Xiamen's airport authority went public with a share offering on Shanghai's stock exchange in mid-April, planning to raise nearly $28 million from domestic investors for a quarter of its share capital. The authority plans to use the proceeds to help construct a third terminal.

Beijing is desperate to find alternative funds. An official from the Civil Aviation Administration of China is quoted in the China Daily as saying that this year's 30 per cent increase in state funding for airports is still 'far from enough.' Most of this year's $1.1 billion is earmarked for major airport upgrades, leaving smaller provinces and cities largely on their own. Thus, Shenzhen and Zhuhai airports have both announced plans for share offerings.

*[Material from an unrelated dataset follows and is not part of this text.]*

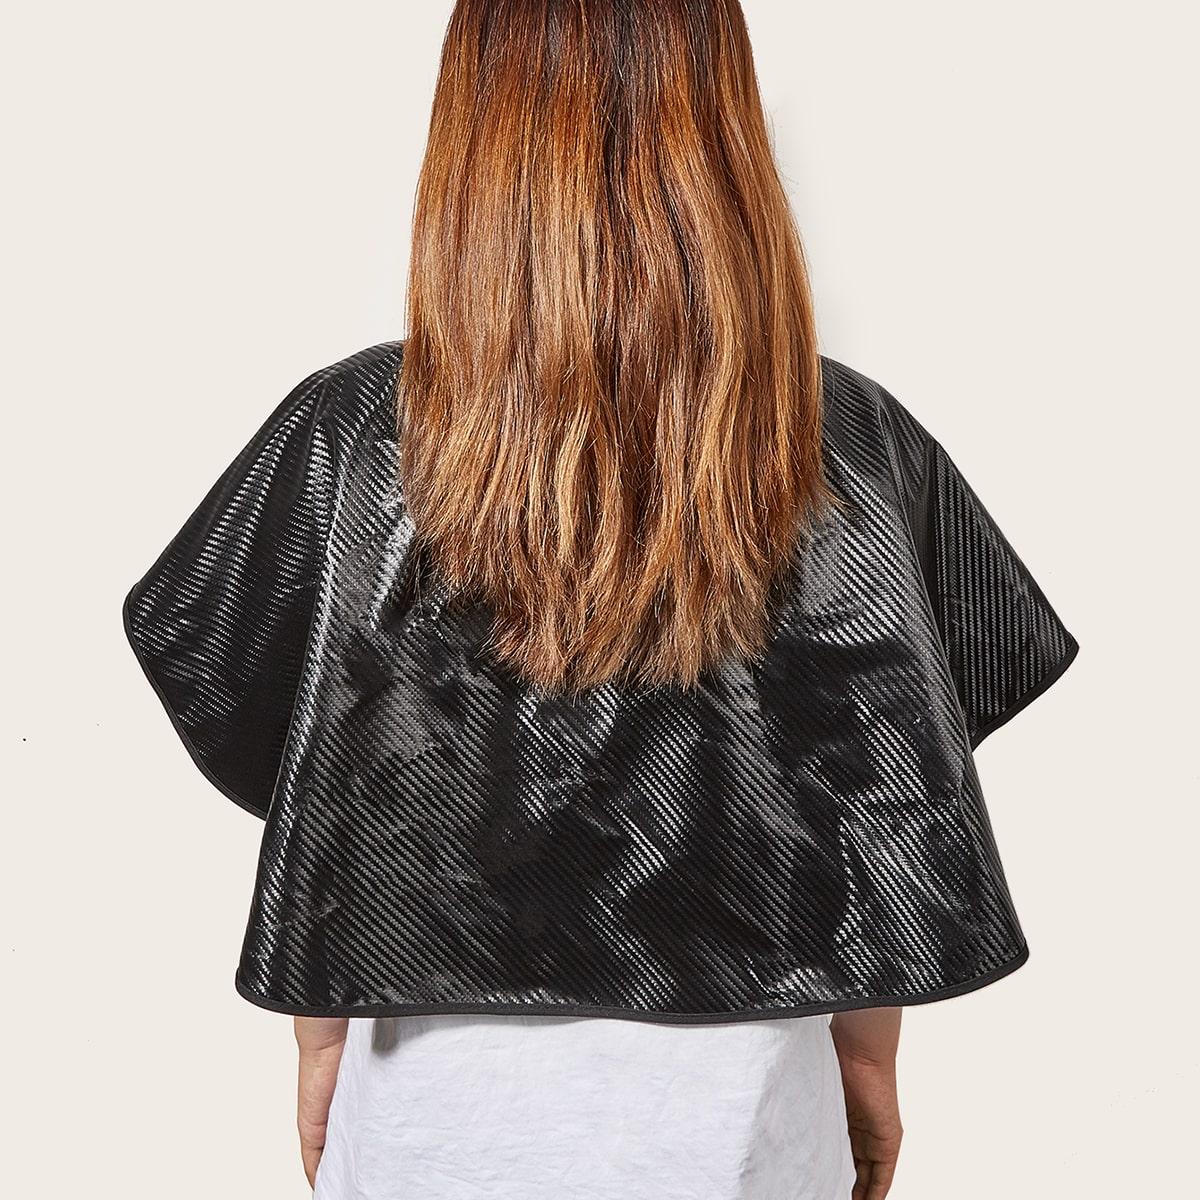 Waterproof Hair Dye Shawl

Yet even the big cities are scrambling. Guangzhou recently created a quasi-public investment company to raise a third of the $1.8 billion needed for its new airport through a public offering. Shanghai is soliciting foreign investors to put up $1 billion for its second airport at Pudong.

Foreign governments have provided or guaranteed debt financing for a number of Chinese airports, with Japan, France and Kuwait leading the way, but foreign equity remains elusive. Inadequate airport revenues is the reason most often cited for this lack of interest.